林聪深知这伙人是这附近的一霸,强龙不压地头蛇,太湖临近临安,她和完颜康这一趟来主要目地就是和南宋达成联盟共同抗蒙古,能不多惹事端就不多惹事,再说这群人看起来也不像多坏的人,教训一下让他们知道厉害就行,和和气气办成大事最重要。
“那是当然了,姑娘真是我见过最通情达理的人了,张寨主还不快去把那些朋友们带出来?”陆冠英朝旁边的一个壮汉扬了下下巴,那人得令,跑向船尾。
林聪全心戒备盯着船尾,生怕他再耍花招。陆冠英看她紧张,笑道:“姑娘放心,我落在你手里,怎么敢不听吩咐?再说姑娘的提议合情合理,我又没吃亏,怎么会不照办?”

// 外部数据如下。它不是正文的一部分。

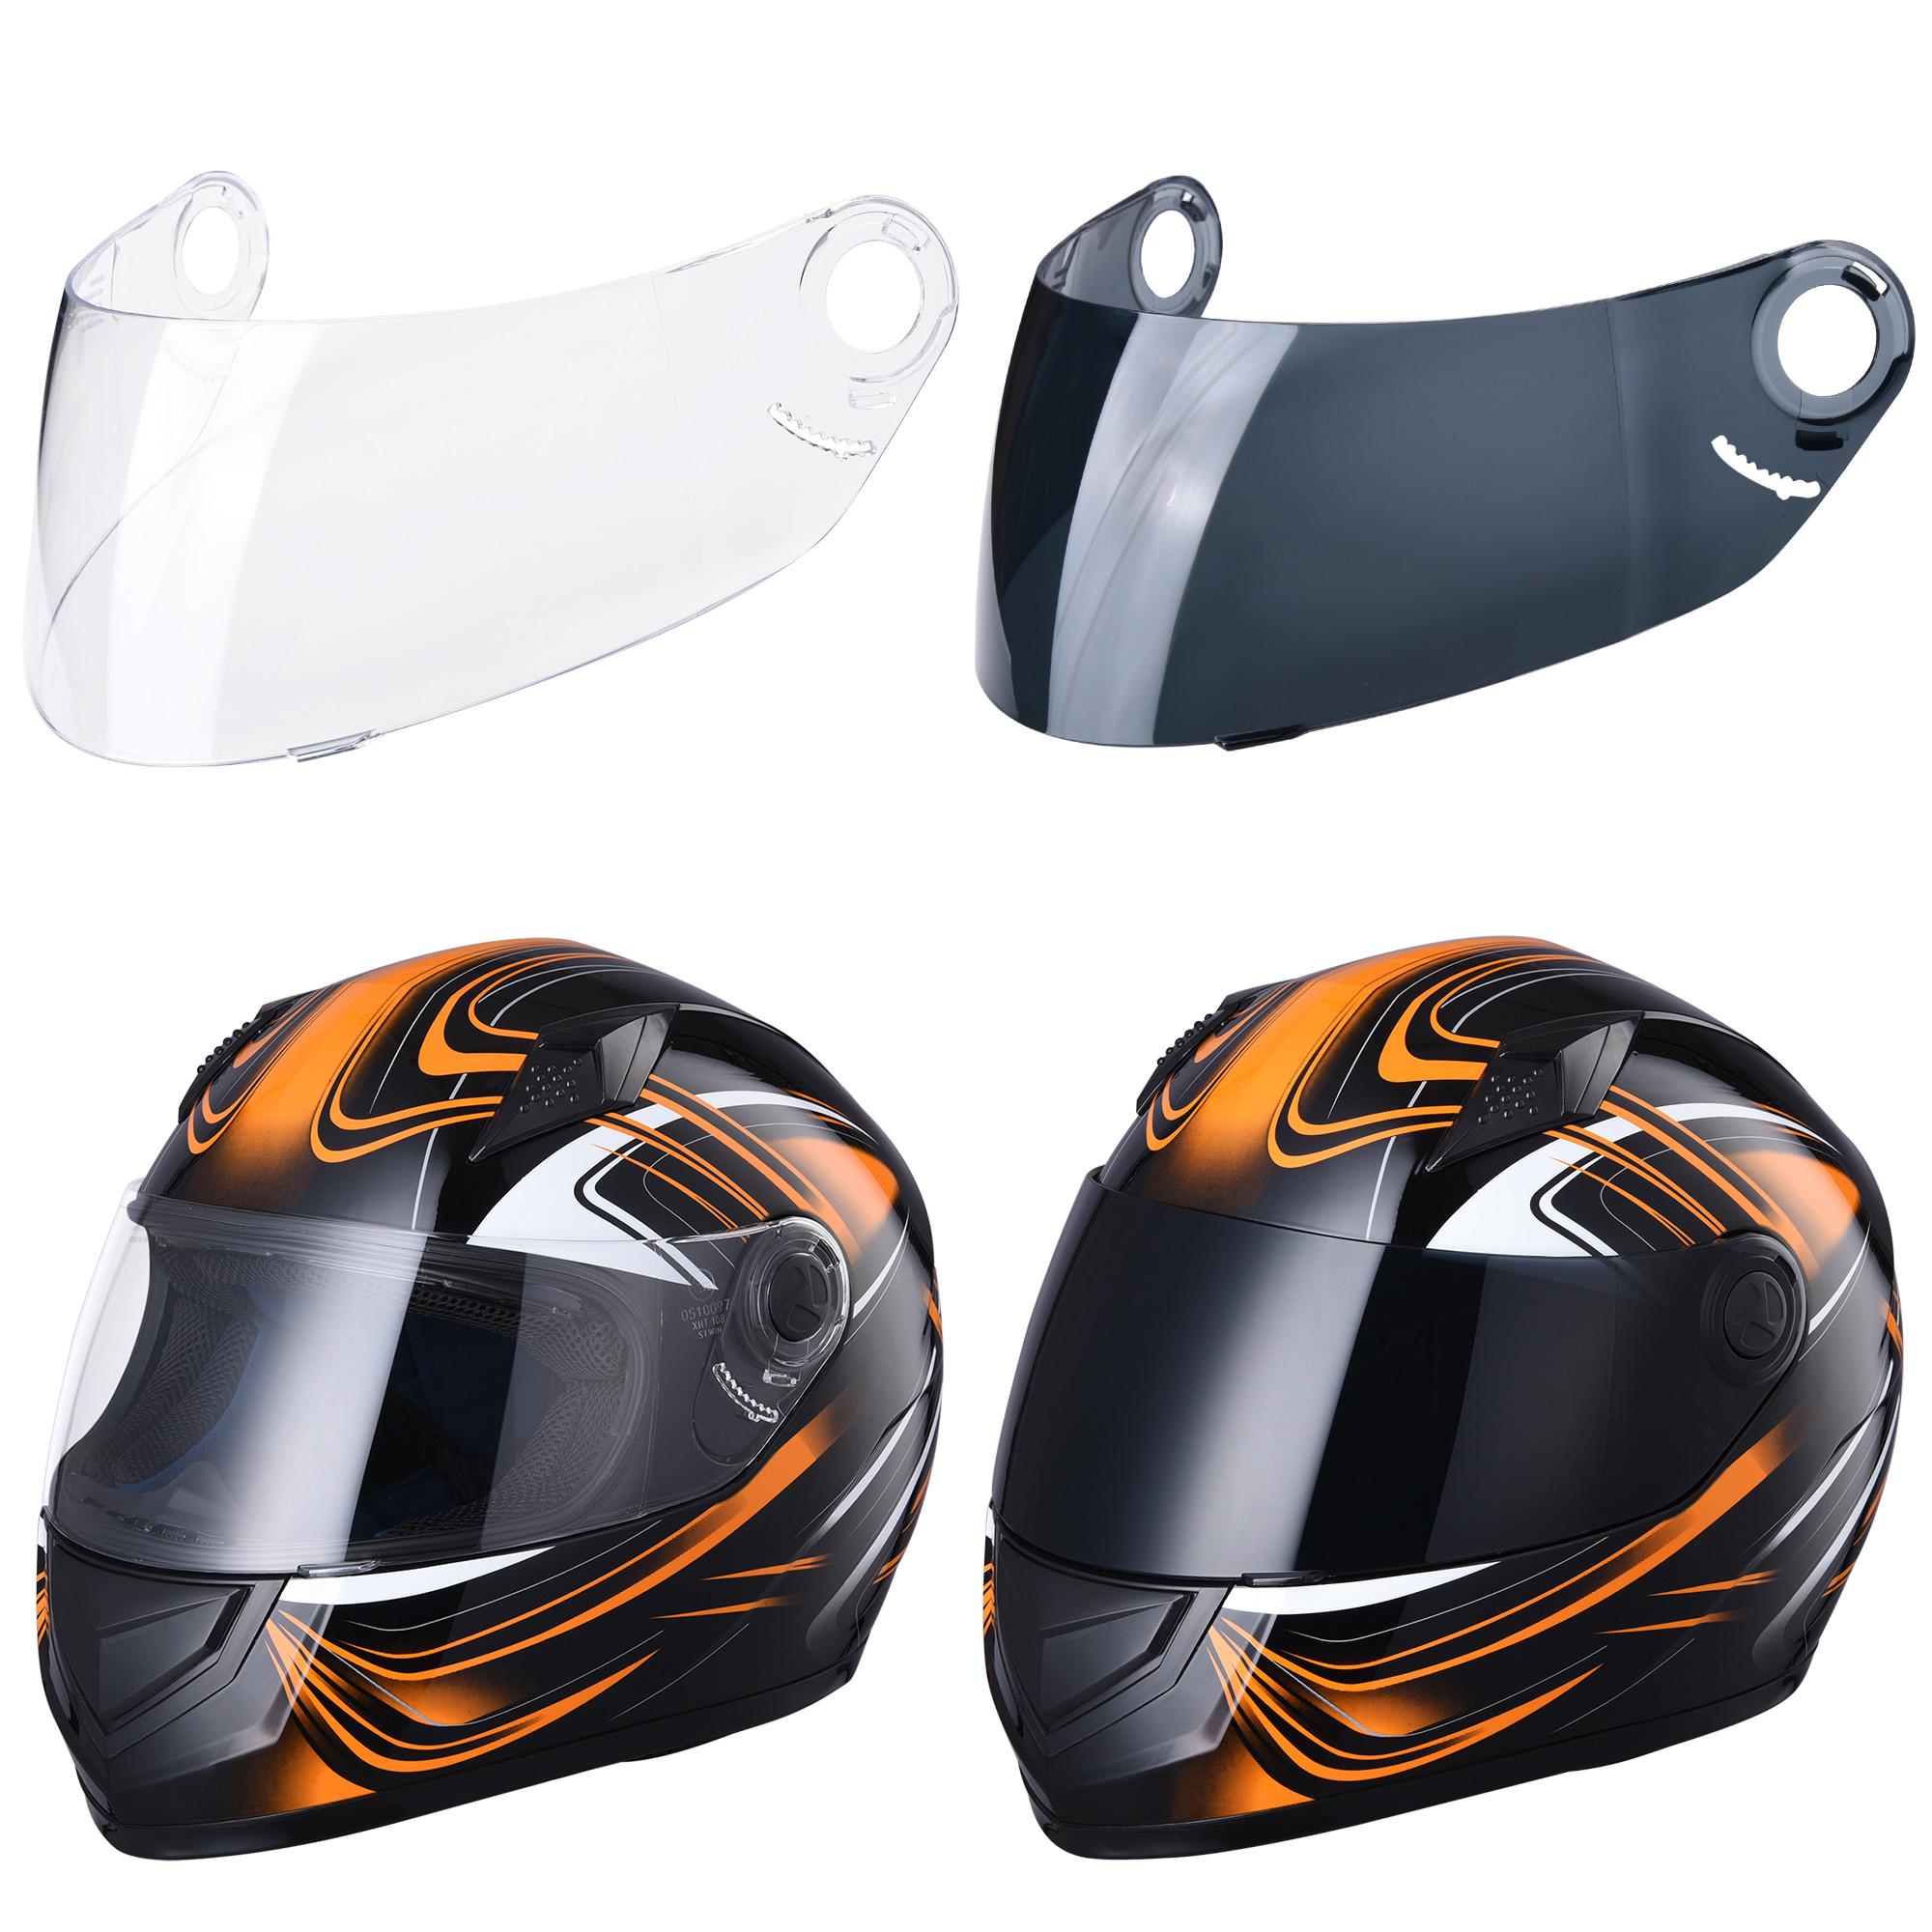 miniature 149 - AHR K12 Full Face Motorcycle Helmet DOT Air Vents Clear Visor Racing S M L XL

林聪不理他,眼巴巴望着,直到看到完颜康一身狼狈的被五花大绑的推出来,她一颗心才算落入肚子里。
“念慈,你没事吧?”完颜康看到穆念慈脸上一喜,等不及张寨主给他松完绑,拖着长长的绳子就急奔过来。
“我没事,你怎么样?”林聪见他奔过来了才松开陆冠英,完颜康的武功比陆冠英高的多,两人盯着,不怕他飞上天。
完颜康一过来就紧紧抱往穆念慈,两人这番遭难也算体会了一把生离死别,一抱上就不想松开,直到“砰”的一声闷响,脚下猛的一晃,船身遭受剧烈撞击,将毫无防备的两人惯在地上。
旁边的陆冠英等的就是这一刻,打一声呼哨,跃入水中,船上的其余水盗跟着跳入水中,船边挂有缆绳,这伙水盗训练有素的在水下连拉带扯的,倾刻间就将船给拉翻了,船上的俘虏们连同完颜康穆念慈又一次落了水。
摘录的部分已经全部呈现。